GPU Sharing with Timeslicing⚓︎
With timeslicing, multiple workloads can share the same physical GPU concurrently on the host. We will refer to each slice as to a logical GPU further in this documentation, as it can be assigned to workloads as nvidia.com/gpu: 1 in Pod requests/limits. Each logical GPU can be assigned to a different workload. For example, if a GPU is timesliced into 4 parts, 4 pods can use the same physical GPU simultaneously by requesting one logical GPU each. A pod can also request multiple logical GPUs if needed.
The processing power of a timesliced GPU is shared between all active workloads on the GPU, meaning that workloads may get more than 25% of the GPU power when there are less than 4 active workloads on a 4x timesliced GPU.
The memory of a timesliced GPU is shared between all active workloads on the GPU, meaning that any workload can attempt to use the full memory of the GPU. However, if the total memory usage of all workloads exceeds the physical memory of the GPU, performance will degrade drastically.
How to set up timeslicing⚓︎
By default, prokube sets up 4x timeslicing for all GPUs in the cluster. No additional configuration is needed. To change this, you can modify a CR called clusterpolicies.nvidia.com/cluster-policy in the gpu-operator-resources namespace.
GPU Sharing with MIG (Multi Instance GPU)⚓︎
With MIG, a GPU is partitioned into multiple instances at the hardware level. Each instance has its own dedicated resources (compute cores, memory, bandwidth) and can be assigned to a different workload.

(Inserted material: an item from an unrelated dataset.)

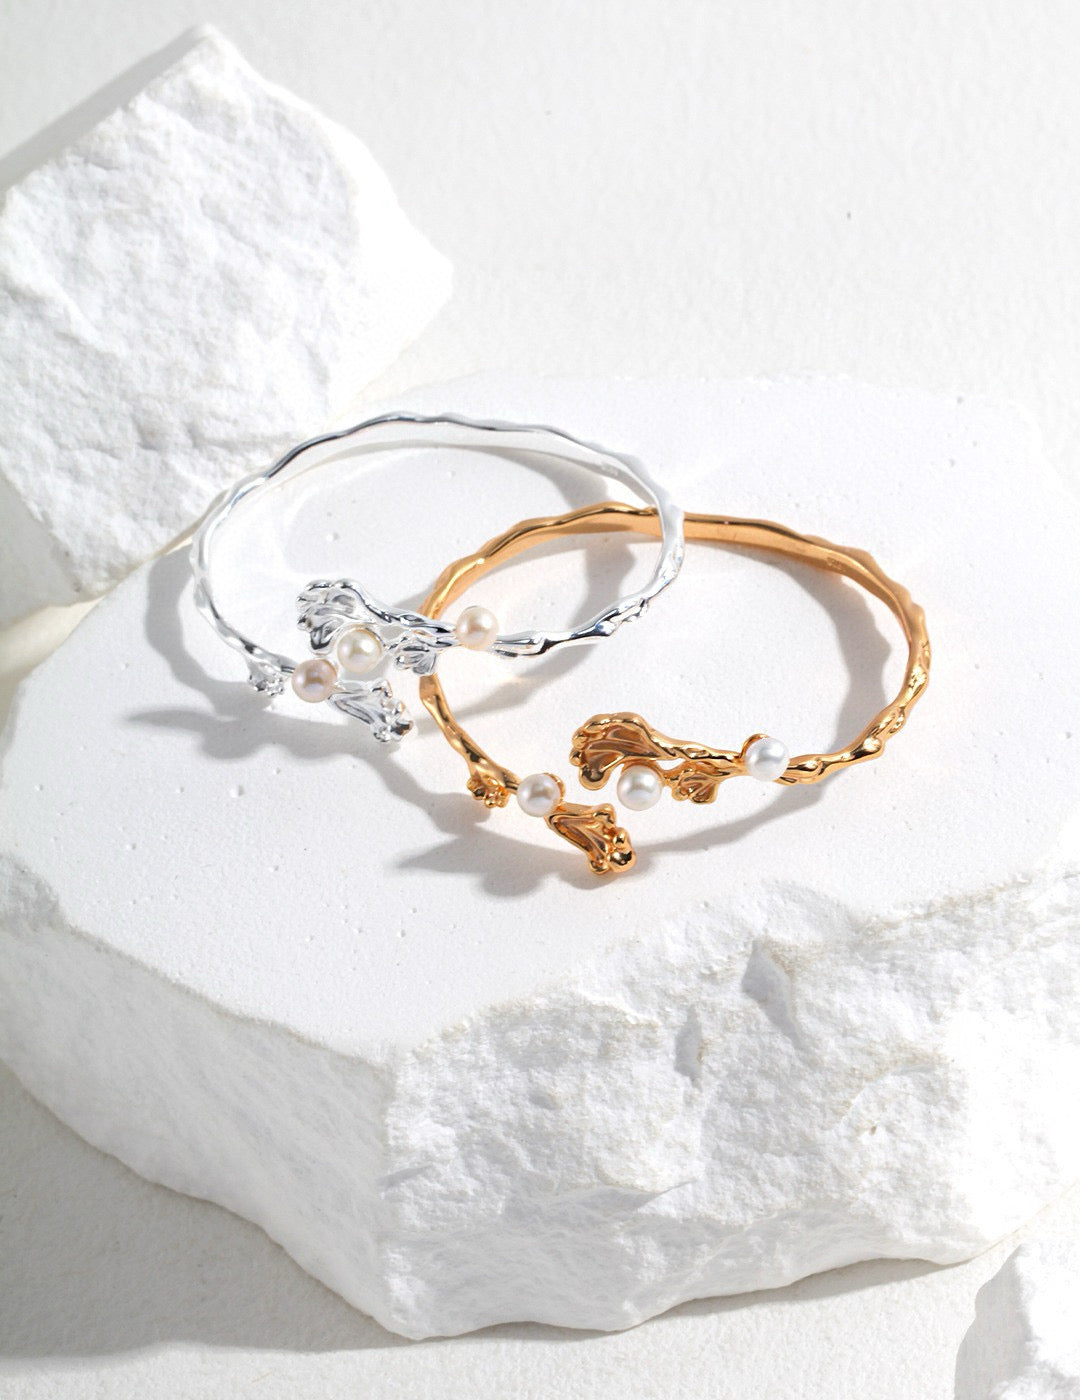 Elevate Your Style: Dovis Jewelry Has Beautiful Designer Bracelets for Women

This allows for better isolation and performance compared to timeslicing.
How to enable MIG⚓︎
Since not all devices support Multi Instance GPU (MIG), the default setting in prokube is timeslicing.
To change this, you can modify a CRD called clusterpolicy.
One option is to edit that CRD using tools like kubectl, k9s, or Lens.
However, the preferred method is to use GitOps and commit the corresponding changes in the paas repository.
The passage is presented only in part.